WHAT IS BEING ASKED | From the data below, please reproduce exactly everything from the line that contains "Perky-Pet 10 oz" down to the line that contains "Tafel Remy Meijers", with both ends included.

INFORMATION SUPPLIED |
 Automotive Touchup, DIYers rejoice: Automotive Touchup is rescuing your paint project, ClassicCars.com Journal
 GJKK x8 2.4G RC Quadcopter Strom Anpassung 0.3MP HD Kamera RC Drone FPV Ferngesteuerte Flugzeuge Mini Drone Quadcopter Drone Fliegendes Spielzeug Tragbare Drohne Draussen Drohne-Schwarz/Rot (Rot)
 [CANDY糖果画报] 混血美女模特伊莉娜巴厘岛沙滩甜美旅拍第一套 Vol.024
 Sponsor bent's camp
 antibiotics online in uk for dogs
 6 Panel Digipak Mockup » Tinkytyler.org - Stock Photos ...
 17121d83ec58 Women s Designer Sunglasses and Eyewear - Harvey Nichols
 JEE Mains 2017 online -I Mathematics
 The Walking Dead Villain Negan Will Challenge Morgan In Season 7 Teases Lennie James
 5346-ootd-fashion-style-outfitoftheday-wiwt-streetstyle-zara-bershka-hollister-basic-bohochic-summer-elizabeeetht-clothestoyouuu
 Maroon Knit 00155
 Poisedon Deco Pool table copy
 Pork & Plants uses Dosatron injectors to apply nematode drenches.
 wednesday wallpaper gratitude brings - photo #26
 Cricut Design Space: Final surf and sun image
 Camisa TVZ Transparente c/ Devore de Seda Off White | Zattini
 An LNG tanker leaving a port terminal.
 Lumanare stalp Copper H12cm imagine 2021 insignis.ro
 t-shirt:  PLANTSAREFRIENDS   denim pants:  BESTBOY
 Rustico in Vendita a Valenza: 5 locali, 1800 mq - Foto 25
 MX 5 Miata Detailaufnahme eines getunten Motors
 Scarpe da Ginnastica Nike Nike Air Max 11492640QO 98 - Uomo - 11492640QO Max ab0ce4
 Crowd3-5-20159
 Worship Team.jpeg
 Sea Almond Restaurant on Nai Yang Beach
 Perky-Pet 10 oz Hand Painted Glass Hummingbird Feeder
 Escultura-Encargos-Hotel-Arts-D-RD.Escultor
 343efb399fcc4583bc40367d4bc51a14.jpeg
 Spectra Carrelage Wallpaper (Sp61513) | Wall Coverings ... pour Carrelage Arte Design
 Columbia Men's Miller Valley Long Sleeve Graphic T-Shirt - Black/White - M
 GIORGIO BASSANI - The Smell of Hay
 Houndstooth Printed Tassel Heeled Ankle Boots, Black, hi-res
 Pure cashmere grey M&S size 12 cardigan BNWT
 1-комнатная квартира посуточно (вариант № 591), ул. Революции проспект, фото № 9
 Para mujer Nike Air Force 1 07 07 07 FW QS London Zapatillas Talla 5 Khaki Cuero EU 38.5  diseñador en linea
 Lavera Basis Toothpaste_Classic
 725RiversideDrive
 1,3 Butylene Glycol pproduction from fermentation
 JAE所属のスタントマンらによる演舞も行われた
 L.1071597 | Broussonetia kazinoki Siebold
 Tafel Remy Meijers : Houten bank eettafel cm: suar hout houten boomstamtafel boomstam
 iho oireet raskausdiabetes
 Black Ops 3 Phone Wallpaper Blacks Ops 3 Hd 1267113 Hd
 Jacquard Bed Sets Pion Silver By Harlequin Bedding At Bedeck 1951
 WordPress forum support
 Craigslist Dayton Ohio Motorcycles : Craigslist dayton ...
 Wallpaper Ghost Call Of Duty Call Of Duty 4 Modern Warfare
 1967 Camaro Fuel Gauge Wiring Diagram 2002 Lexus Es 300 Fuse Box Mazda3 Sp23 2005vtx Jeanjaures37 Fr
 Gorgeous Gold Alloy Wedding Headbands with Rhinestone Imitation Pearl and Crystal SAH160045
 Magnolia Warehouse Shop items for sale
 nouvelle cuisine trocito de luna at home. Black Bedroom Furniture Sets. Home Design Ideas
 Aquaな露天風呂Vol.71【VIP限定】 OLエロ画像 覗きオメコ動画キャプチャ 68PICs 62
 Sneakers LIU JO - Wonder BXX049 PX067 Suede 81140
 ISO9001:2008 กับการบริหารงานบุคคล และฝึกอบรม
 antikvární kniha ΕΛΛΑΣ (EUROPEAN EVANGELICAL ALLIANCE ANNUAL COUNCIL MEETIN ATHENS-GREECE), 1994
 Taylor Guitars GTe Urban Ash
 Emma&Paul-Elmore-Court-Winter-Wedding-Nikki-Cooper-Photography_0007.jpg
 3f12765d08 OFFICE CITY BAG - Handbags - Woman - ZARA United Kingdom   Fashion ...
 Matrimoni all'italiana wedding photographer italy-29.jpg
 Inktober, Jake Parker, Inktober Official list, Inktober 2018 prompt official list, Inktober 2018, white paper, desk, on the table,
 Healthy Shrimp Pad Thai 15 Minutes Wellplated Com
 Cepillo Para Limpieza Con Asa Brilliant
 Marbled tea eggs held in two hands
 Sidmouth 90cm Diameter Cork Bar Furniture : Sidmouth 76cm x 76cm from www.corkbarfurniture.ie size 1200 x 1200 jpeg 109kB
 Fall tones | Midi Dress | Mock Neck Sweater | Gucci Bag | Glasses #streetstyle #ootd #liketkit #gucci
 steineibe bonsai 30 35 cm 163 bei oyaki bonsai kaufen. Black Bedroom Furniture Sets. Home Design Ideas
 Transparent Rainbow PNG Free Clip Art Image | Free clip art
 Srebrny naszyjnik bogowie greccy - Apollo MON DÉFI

ANSWER BELOW |
 Perky-Pet 10 oz Hand Painted Glass Hummingbird Feeder
 Escultura-Encargos-Hotel-Arts-D-RD.Escultor
 343efb399fcc4583bc40367d4bc51a14.jpeg
 Spectra Carrelage Wallpaper (Sp61513) | Wall Coverings ... pour Carrelage Arte Design
 Columbia Men's Miller Valley Long Sleeve Graphic T-Shirt - Black/White - M
 GIORGIO BASSANI - The Smell of Hay
 Houndstooth Printed Tassel Heeled Ankle Boots, Black, hi-res
 Pure cashmere grey M&S size 12 cardigan BNWT
 1-комнатная квартира посуточно (вариант № 591), ул. Революции проспект, фото № 9
 Para mujer Nike Air Force 1 07 07 07 FW QS London Zapatillas Talla 5 Khaki Cuero EU 38.5  diseñador en linea
 Lavera Basis Toothpaste_Classic
 725RiversideDrive
 1,3 Butylene Glycol pproduction from fermentation
 JAE所属のスタントマンらによる演舞も行われた
 L.1071597 | Broussonetia kazinoki Siebold
 Tafel Remy Meijers : Houten bank eettafel cm: suar hout houten boomstamtafel boomstam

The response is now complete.